While the mainstream media was reporting that jobless claims were steady last week, the real picture was more nuanced. The media reports only the seasonally smoothed number, which can obscure what’s really going on and is often late in recognizing trend changes because of the inherent smoothing. I liken it to Impressionist Art. It’s an attempt to represent reality, but it isn’t reality. It’s more beautiful than reality.
The actual number showed a decline in claims this week, as is normal for this week in May. It was a smaller decline than last year, but a stronger performance than the previous 10 year average.
Actual, not seasonally manipulated, weekly initial unemployment claims, while volatile week to week, have continued to decrease at a relatively constant rate over time since mid 2010.
In the week ended May 12, actual claims fell by 15,600 including the usual upward adjustment of 4,000 due to incomplete state counts at the time of the advance release (current week). This week wasn’t as strong as the week ended May 14, 2011, when claims fell by 36,200 but it was better than the 10 year average of a decline of 5800 for the same week of May.
There’s a lot of week to week volatility in the data. Looking at a two week span this year showed a decline of 6,700 versus a decline of 54,400 in the same 2 weeks in 2011. So this year was much weaker than the similar period last year. It’s too soon to say if this is a sign that the trend of improvement has reversed, but it could be a canary in the coal mine.
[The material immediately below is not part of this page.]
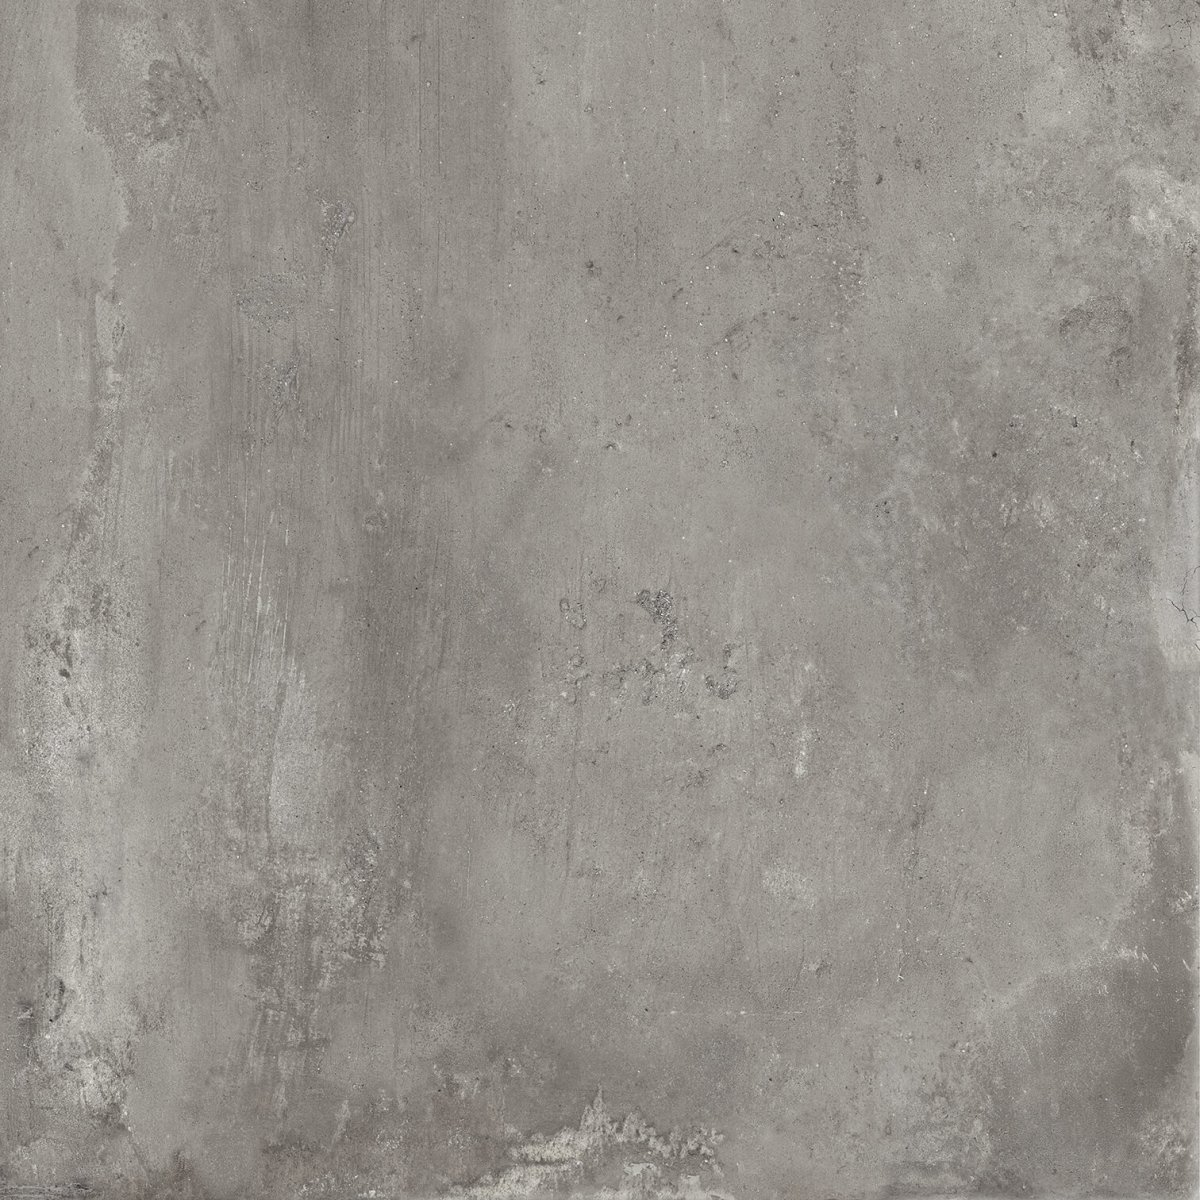 Florim Beton One Ash 600x600mm_Stiles_Product_Image2

The year to year decline was 9.6% which remains strong. Total claims in the current week were 327,000, including the upward adjustment for the usual weekly revision, versus 362,000 in the same week last year. While this is a good indication that fewer people are losing jobs, it does not tell us how many are finding work.
Plotted on an inverse scale, the correlation with stock prices is strong. Both are driven by the Fed’s operations with Primary Dealers as covered weekly in the Professional Edition Fed Report. See also The Conomy Game, a free report.
As the number of workers eligible for unemployment compensation has trended upward slightly since 2009, the percentage of workers filing first time claims has continued to decline.
The chart below gives a longer term perspective. We can see the trend improving but still above the bubble years with their 10 million fake jobs taking orders for new and unneeded condos and houses, building them, and taking and processing mortgage applications. This however does not account for the thousands of mortgage industry executives and Wall Street bankers who should be in jail but who still have jobs, and still bribe politicians.
The following chart is a picture of reality versus the the Impressionist art of seasonal adjustments. Sometimes it represents reality to some degree, and sometimes it doesn’t. If you are following that data, at any given time you have no way of knowing which it is. One thing is certain. It ain’t photo-realism. There are ways to measure trends using actual data. One way is shown on this chart, which is to show the year to year line as of the current and corresponding date. Another is to view the annual rate of change as shown in the first chart above.